Query processing in Parallel Data Warehouse is more complex than in an SMP data warehouse because processing must manage high availability, parallelization, and data movement between nodes. In general, Parallel Data Warehouse's control node follows these steps to process a query (shown in Figure 6-5).

  1. Parse the SQL statement.
  2. Validate and authorize the objects.
  3. Build a distributed execution plan.
  4. Run the execution plan.
  5. Aggregate query results.
  6. Send results to the client application.

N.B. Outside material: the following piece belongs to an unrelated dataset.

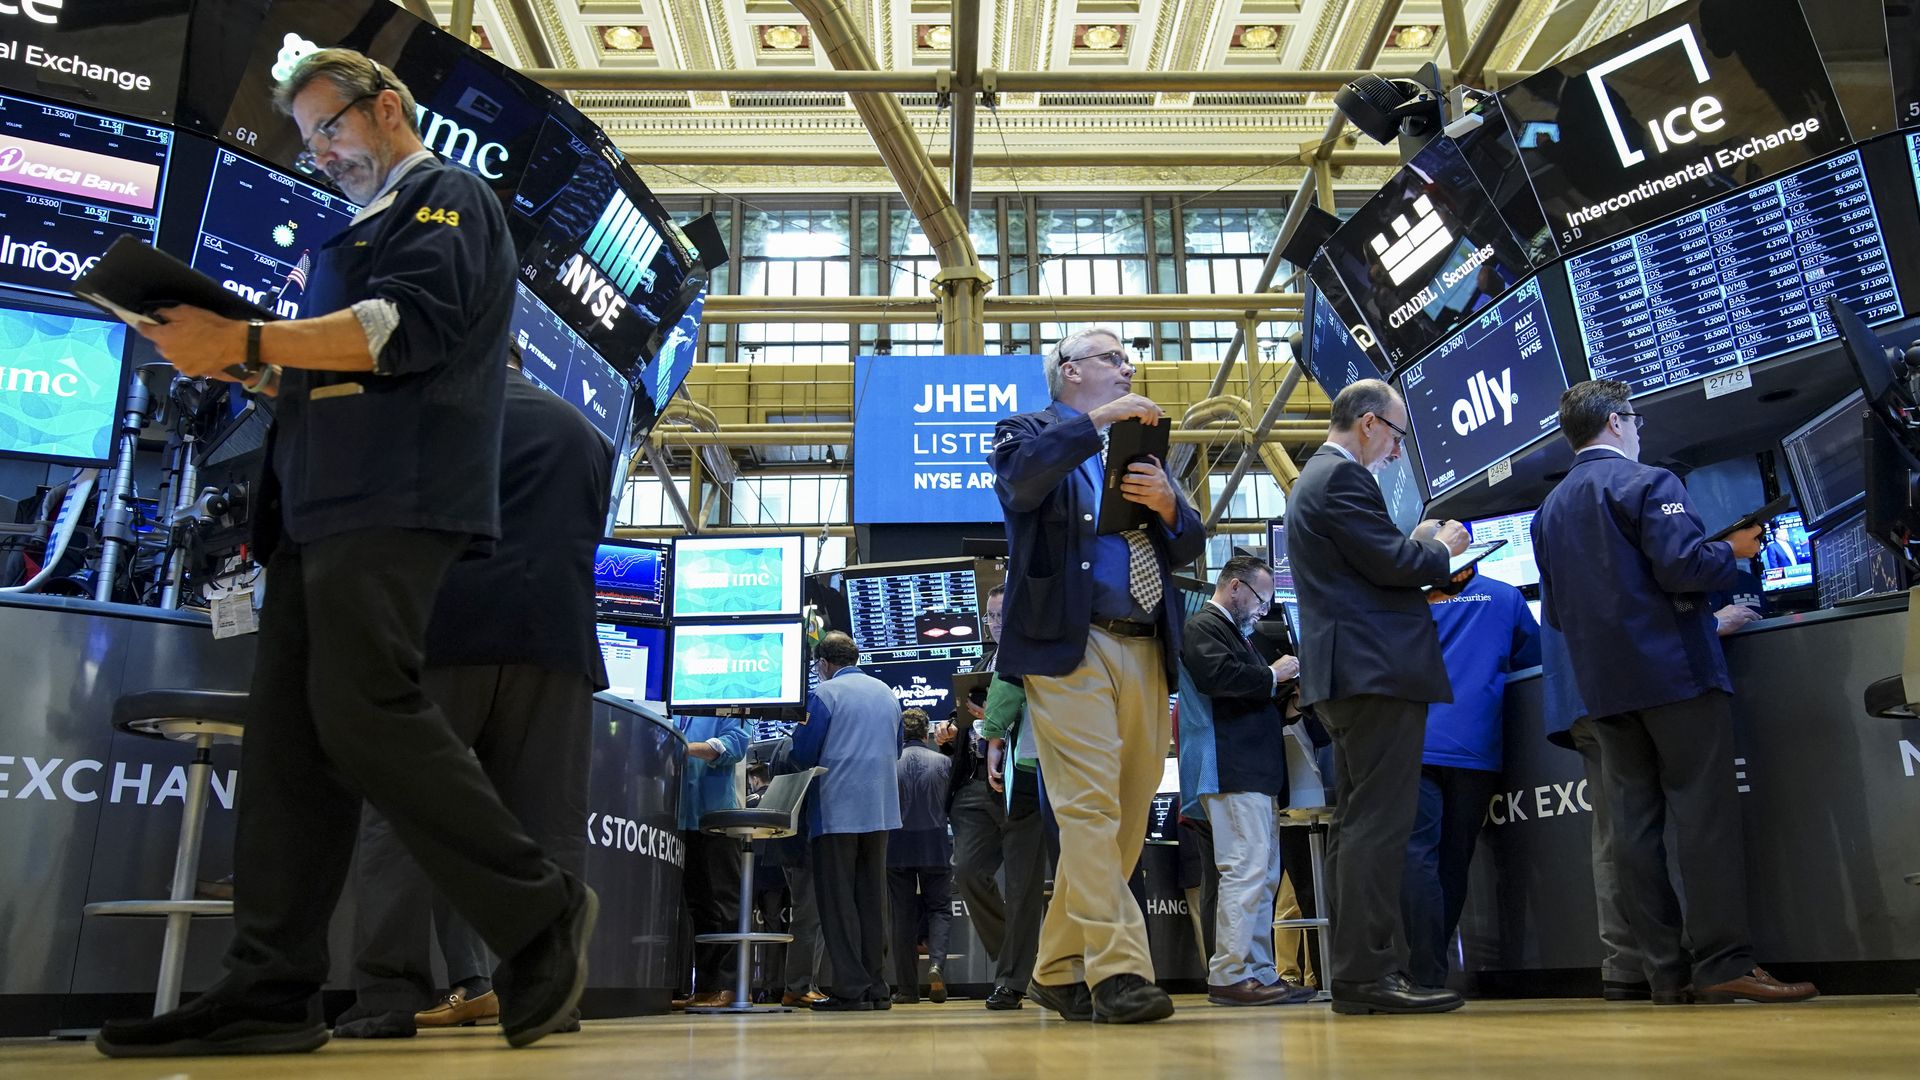 In this image, the camera looks up from the New York Stock Exchange floor as men walk across the floor and look at screens.

FIGURE 6-5 Query processing steps

A query with a simple join on columns of replicated tables or distribution columns of distributed tables does not require the transfer of data between compute nodes before executing the query. By contrast, a more complex join that includes a nondistribution column of a distributed table does require Parallel Data Warehouse to copy data among the distributions before executing the query.

Data Load Processing

The design of data load processing in Parallel Data Warehouse takes full advantage of the parallel architecture to move data to the compute nodes. You have several options for loading data into your data warehouse. You can use your ETL process to copy files to the Parallel

Data Warehouse's Landing Zone. You then invoke a command-line tool, DWLoader, and specify options to load the data into the appliance. Or you can use Integration Services to move data to the Landing Zone and call the loading functionality directly. To load small amounts of data, you can connect to the control node and use the SQL INSERT statement. Queries can run concurrently with load processing, so your data warehouse is always available during ETL processing. DWLoader loads table rows in bulk into an existing table in the appliance. You have several options for loading rows into a table. You can add all rows to the end of the table by using append mode. Another option is to append new rows and update existing rows by using upsert mode. A third option is to delete all existing rows first and then to insert all rows into an empty table by using reload mode.

Monitoring and Management

Parallel Data Warehouse includes the Admin Console, a Web-based application with which you can monitor the health of the appliance, query execution status, and view other information useful for tuning user queries. This application runs on IIS on the control node and is accessible by using Internet Explorer.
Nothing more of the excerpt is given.